Arte e mistério na Cidade Aluminosa

Em 20 de abril de 1987, numa bela manhã ensolarada, eu, com minha máquina fotográfica e a equipe
do grupo de jovens de Itaguajé, chegamos à propriedade rural do Sr. José de Freitas Miranda, na
água da Jupira, a alguns quilômetros de Colorado.

Em meio a uma vegetação baixa, constituída de algumas plantações de subsistência, bem como um
pouco de ervas daninhas; despontavam portais, torres, e uma série de outras tantas construções
erguidas com cimento e ferro.

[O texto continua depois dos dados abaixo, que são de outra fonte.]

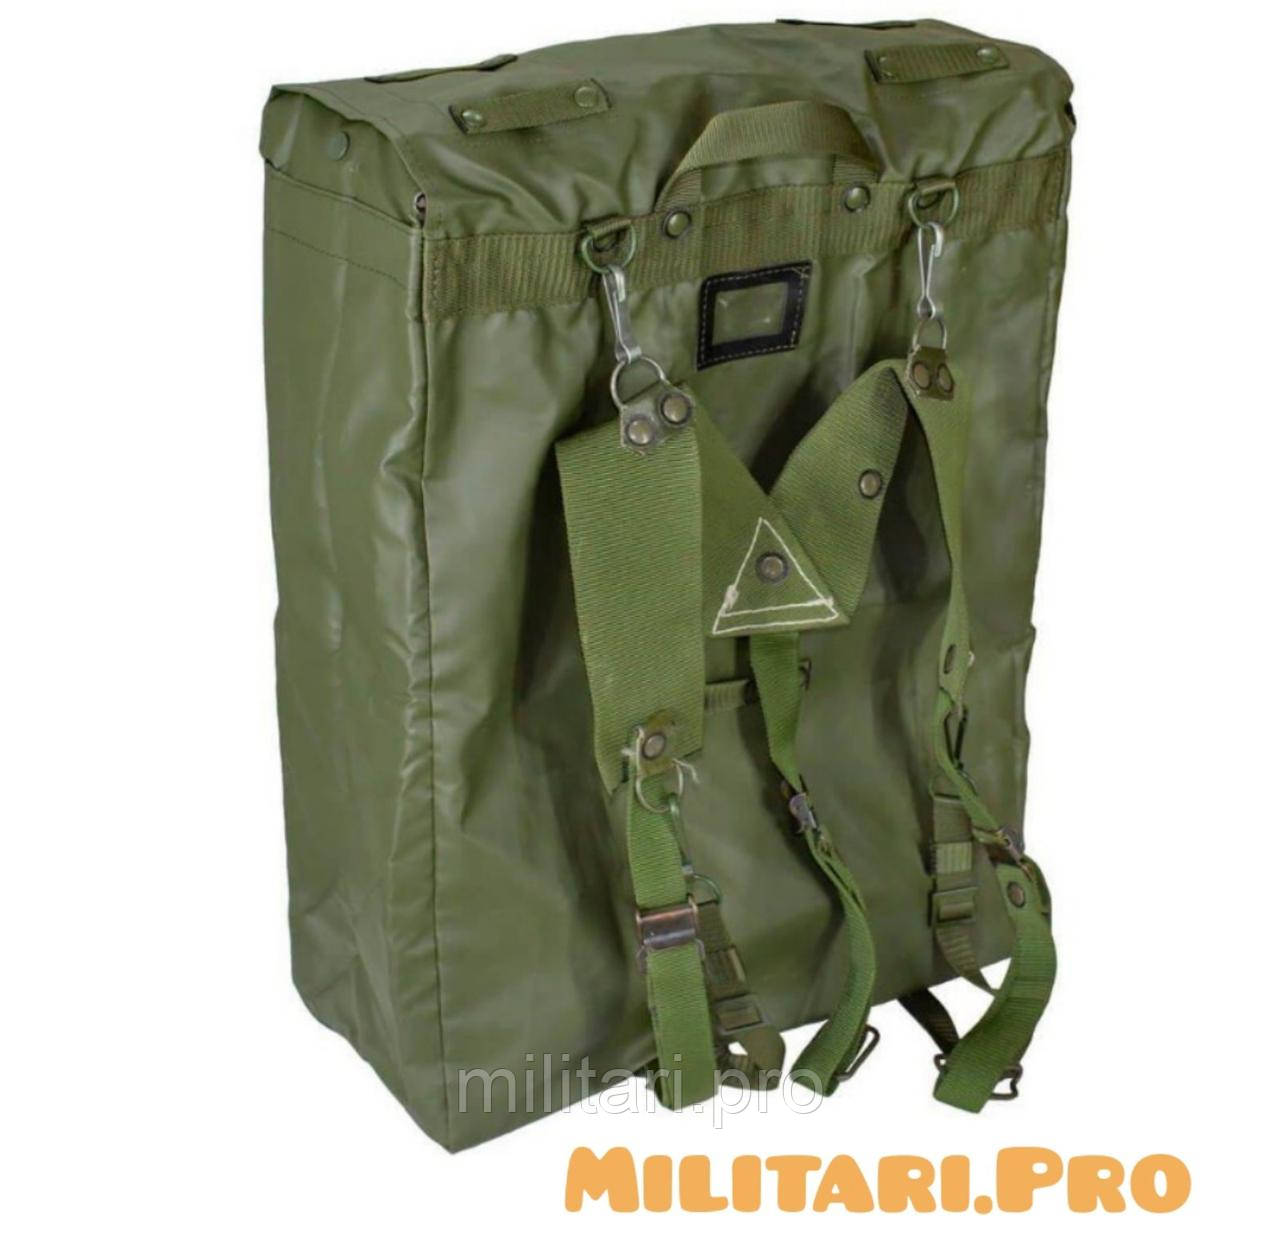 Купити - Рюкзак армії Чехії M85. Оригінал. 45 літрів. Складське зберігання.

Eis a entrada da cidade “Aluminosa”.

No arco principal um imenso aviso, que se repetiria em outras partes da obra:

“Último dia do mundo. 28 de dezembro de 1999, às quatro horas da tarde.”

Uma imensa torre com um alto-falante feito de ferro e cimento projeta-se para os céus, de onde as
trombetas dos anjos anunciarão o fim do mundo. Próximo dali, o sino de cimento no alto de outra
torre (sino da alvorada) que badalará no dia derradeiro. Tudo ali é rústico, porém muito engenhoso.
Segundo seus familiares, Zé Miranda fez tudo sozinho, seguindo apenas a orientação das vozes. Em
meio a tantas outras construções inacabadas, uma delas se destaca por sua estrutura de concreto que
pelo arcabouço seria um grande salão, onde está escrito: “CANPO DOS REGULAMENTOS QUE
DEUS DEIXO PARA O POVO SI ADIVERTIR”.

E em meio a tantos avisos e advertências, uma delas chama a atenção, evidenciando que mulheres
não podem entrar no “mistério”, (assim ele próprio denominava sua obra), de vestido curto, gola
aberta ou roupa masculina. “Os vestidos podem ser de qualquer moda, (...) mas têm de ter três dedos
para baixo dos joelhos”, sob pena de ficarem “paralíticas, cegas ou aleijadas”.

Logo surge de uma casinha simples, seu Zé Miranda, cego desde 1975. Roupas simples,
sobrancelhas grosas e a estrutura física de um típico sertanejo. É atencioso, calmo e reservado como
se caracterizam os rurícolas. Perguntado sobre os motivos daquilo tudo, Seu José limitou-se a
responder:

“-São as almas.”

A história de Jose de Freitas Miranda perde-se no tempo, contudo, ainda nos dias de hoje causa
espanto, apesar do total descaso a que está relegada sua obra.

Nascido em Itapuí no interior Paulista, sempre viveu na área rural e nunca foi à escola.
Por volta de 1959/60, tendo recebido mensagens durante a noite, para que construísse a “Cidade
Aluminosa”, seu José teria vendido 10 alqueires de sua propriedade para dar início ao seu projeto
mais audacioso; a construção de um abrigo, nos mesmos moldes da arca de Noé, onde as poucas
pessoas que acreditassem em suas profecias e ali se refugiassem no dia fatídico, seriam salvas do fim
do mundo, que segundo ele, se acabaria em fogo.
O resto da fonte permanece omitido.